Data below START

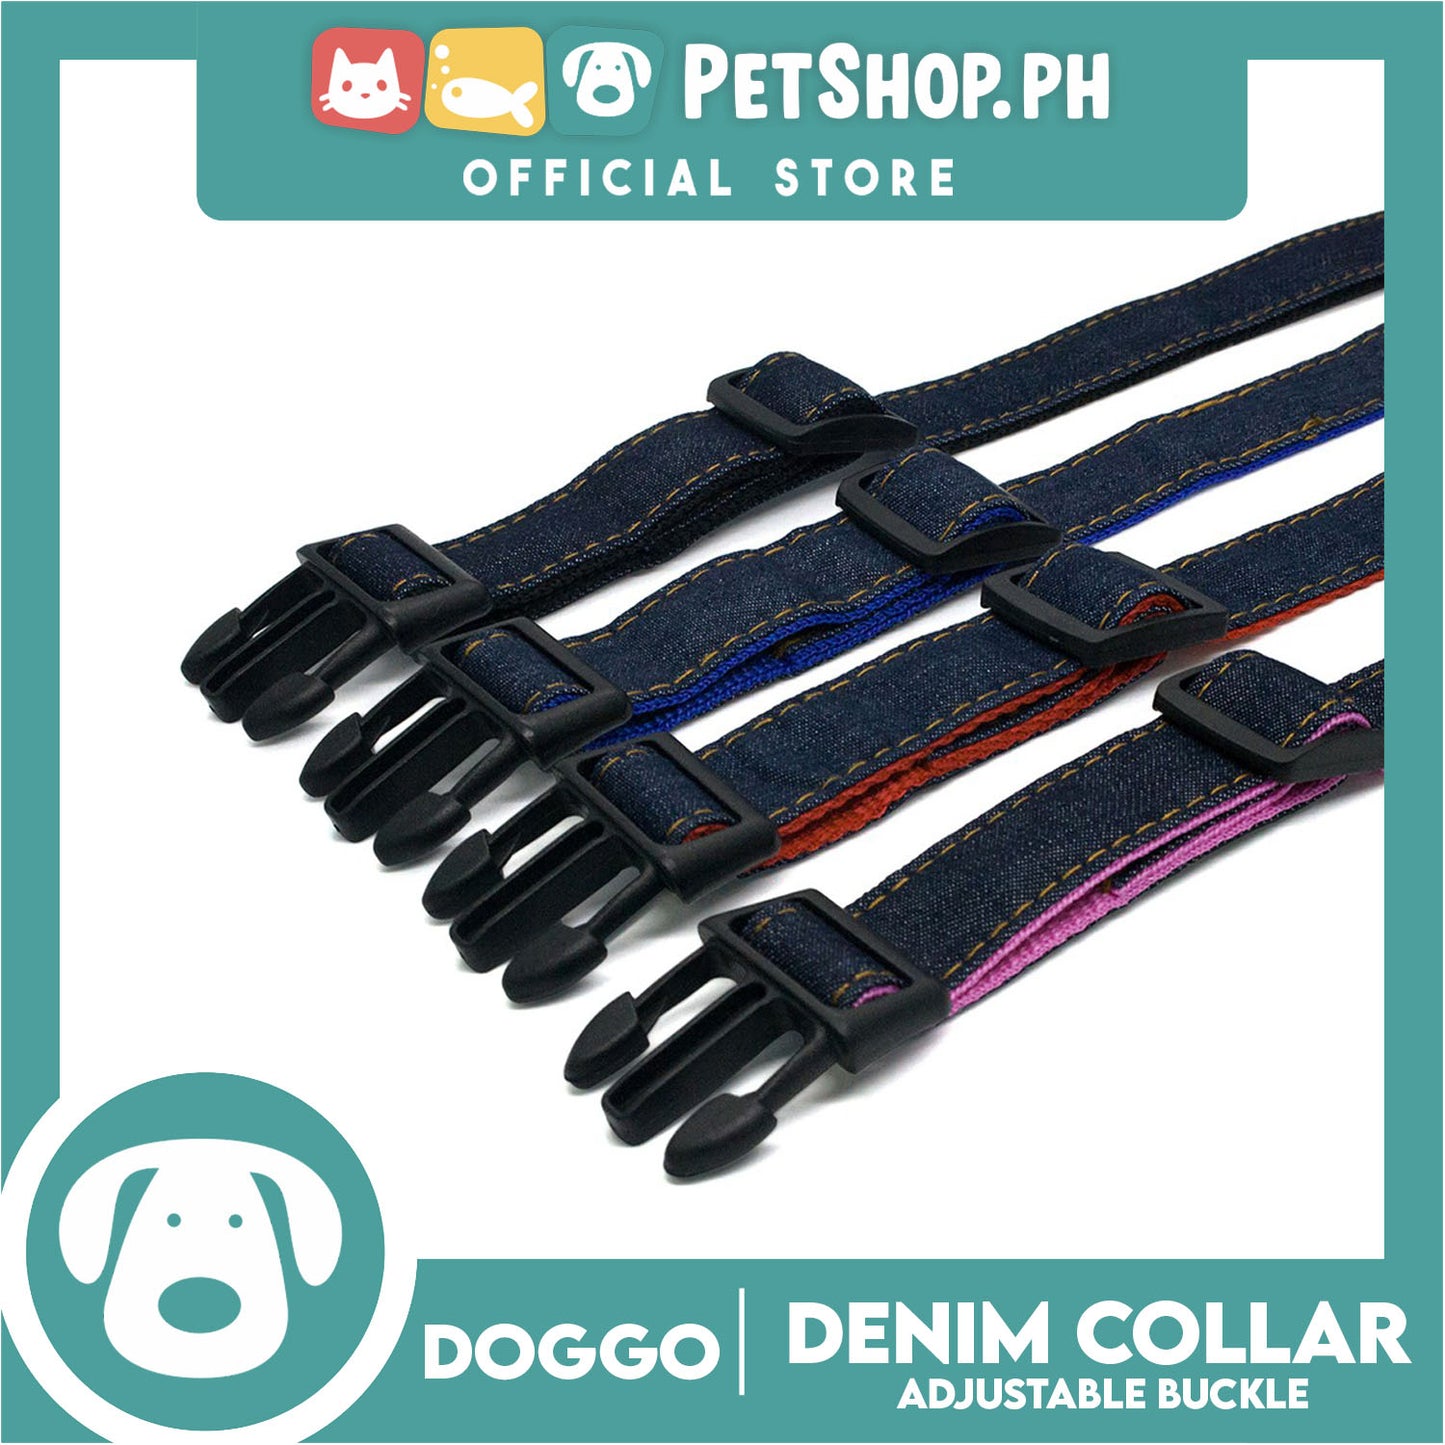 Doggo Collar Denim Design Large (Pink) Perfect Collar for Your Dog
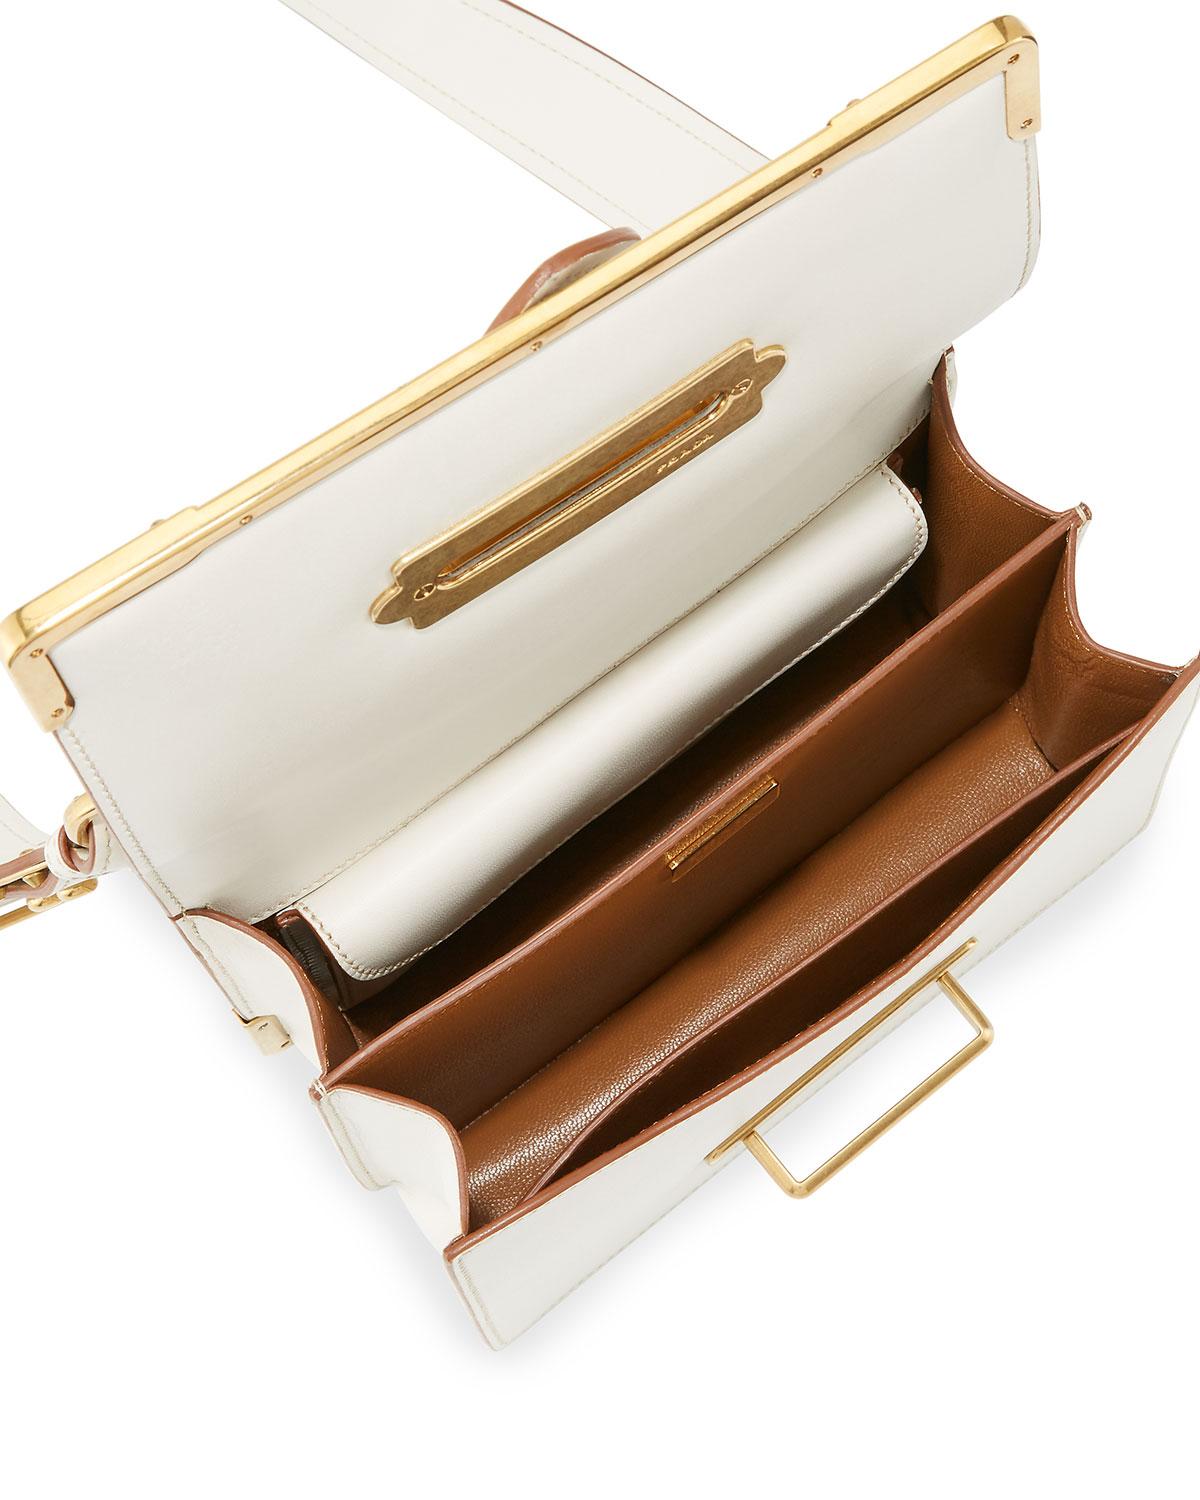 Prada Leather Laser-cut Cahier Shoulder Bag in White - Lyst
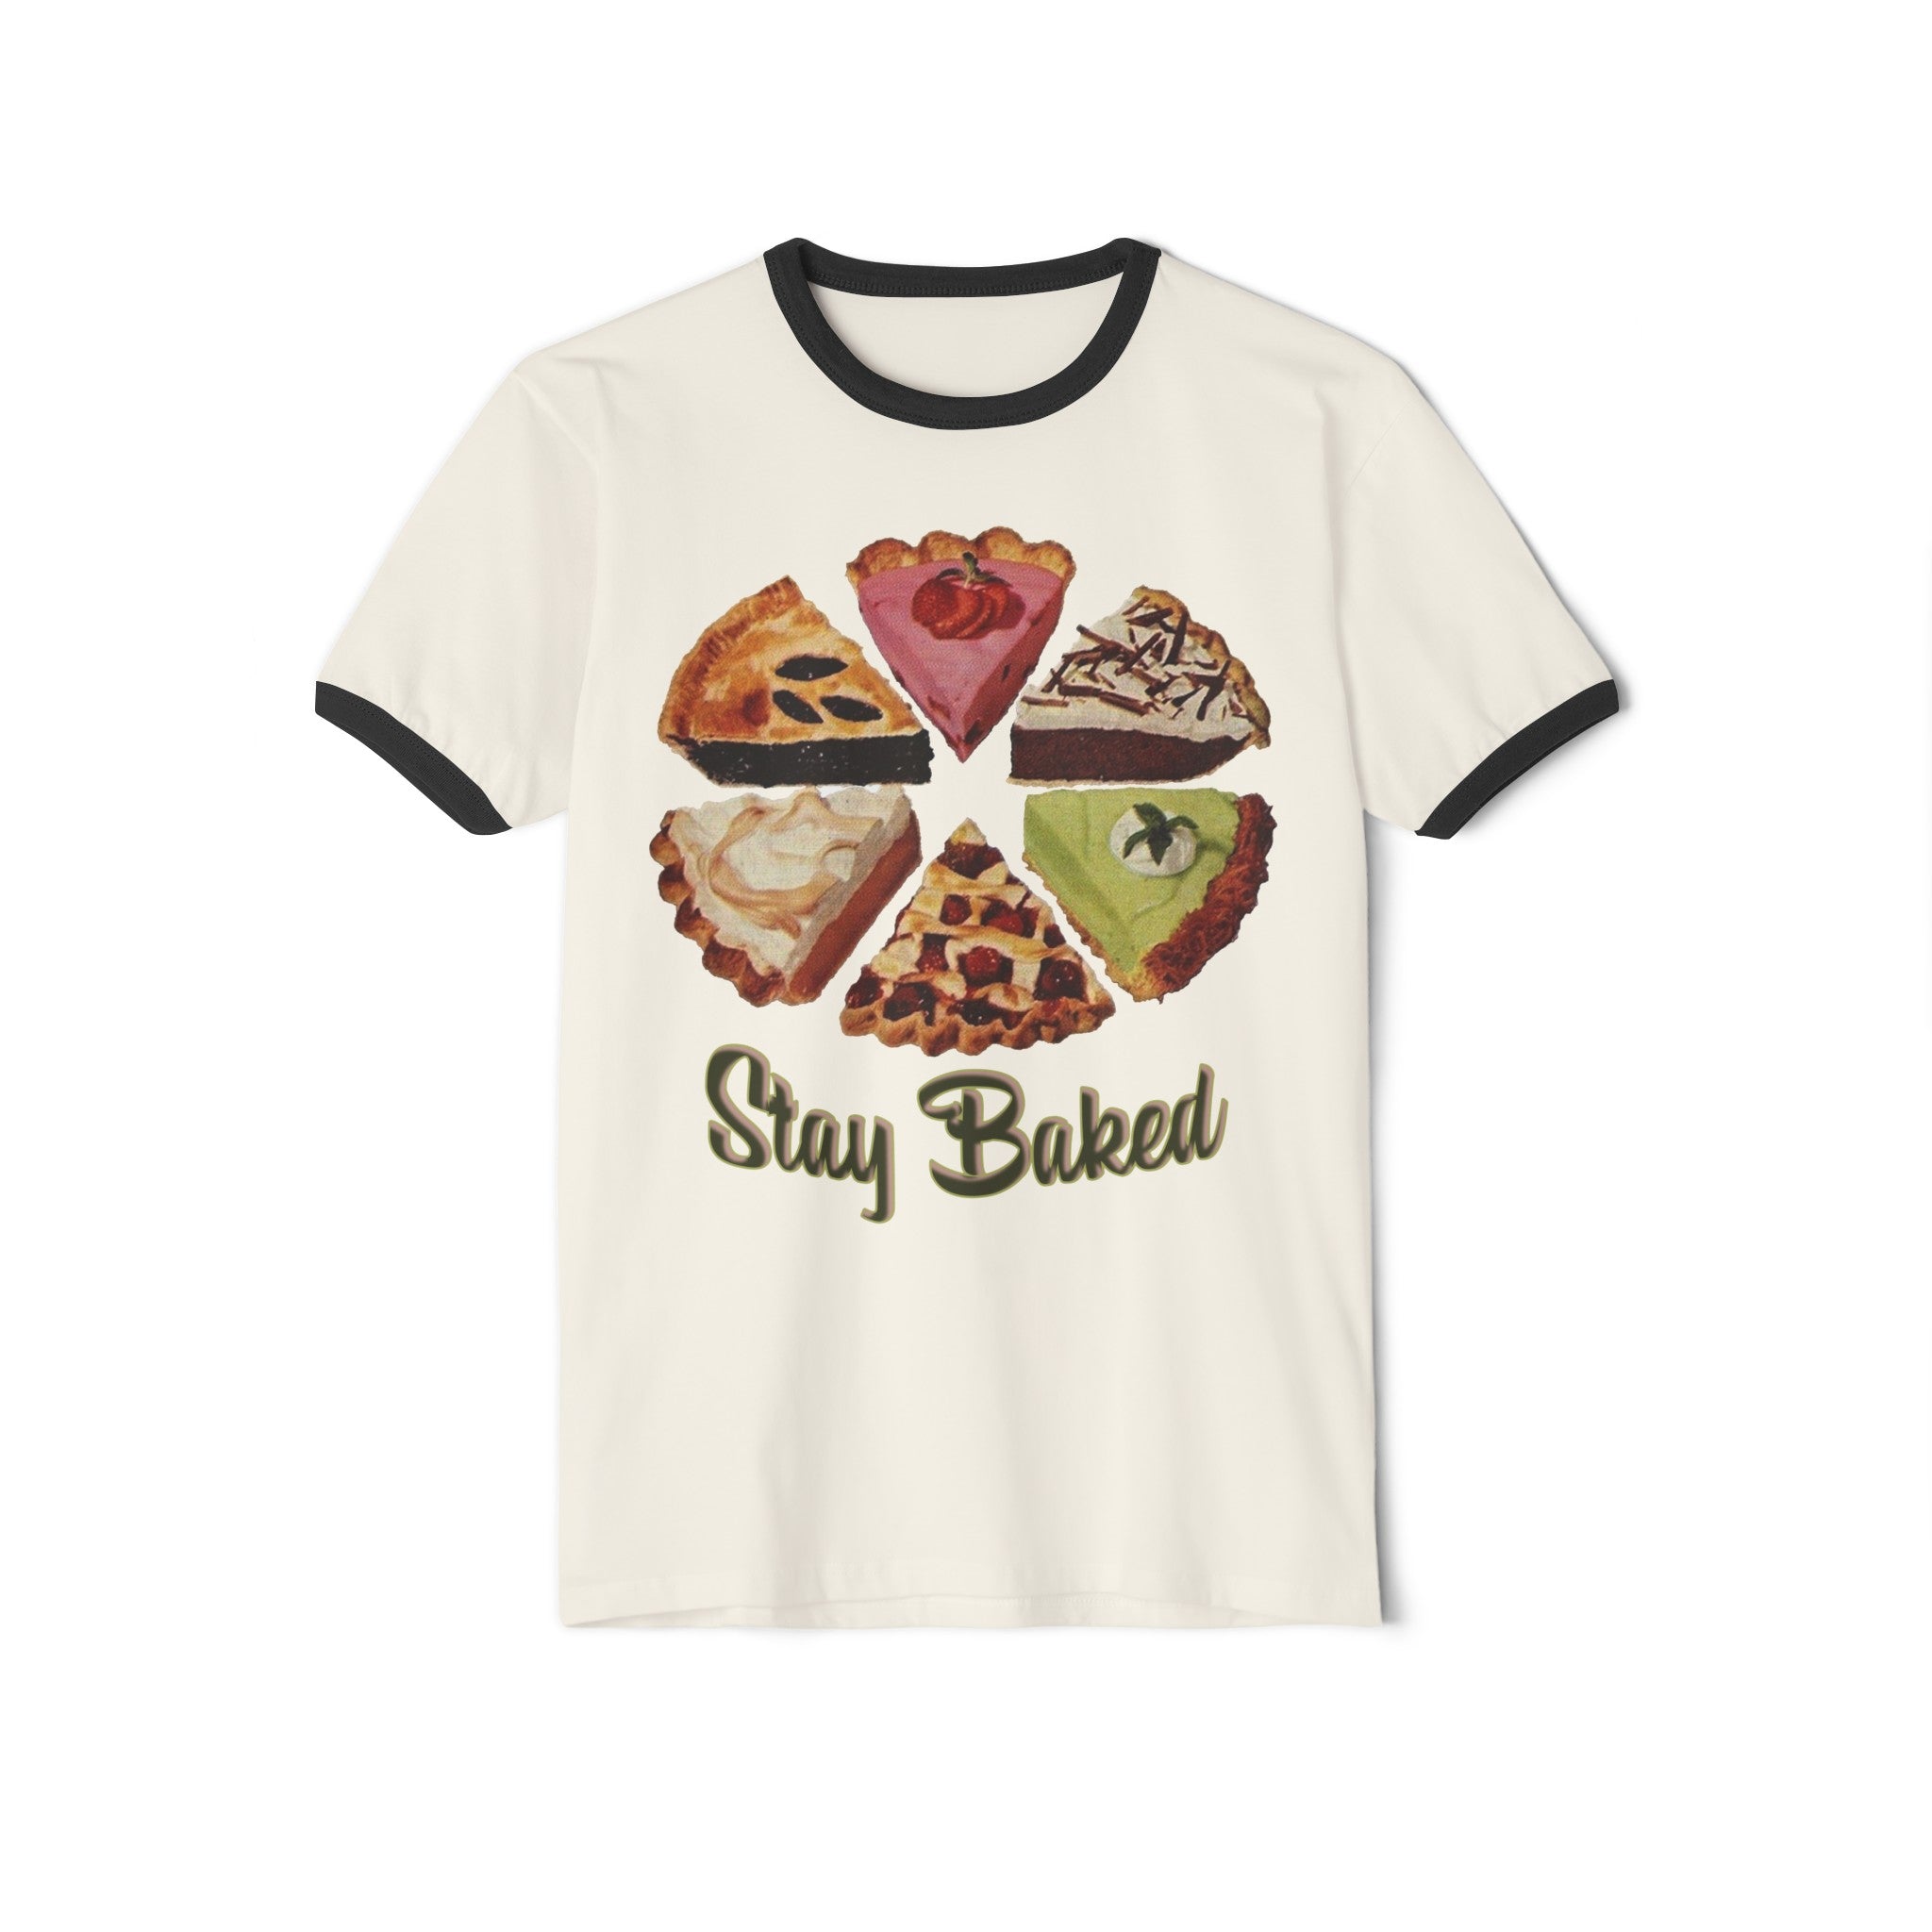 Stay Baked Pie Unisex Cotton Ringer T-Shirt

Data below END

> [The problem]:
Could the data above be reproduced exactly, with the pictures left out?

> [Response]:
 Doggo Collar Denim Design Large (Pink) Perfect Collar for Your Dog
 Prada Leather Laser-cut Cahier Shoulder Bag in White - Lyst
 Stay Baked Pie Unisex Cotton Ringer T-Shirt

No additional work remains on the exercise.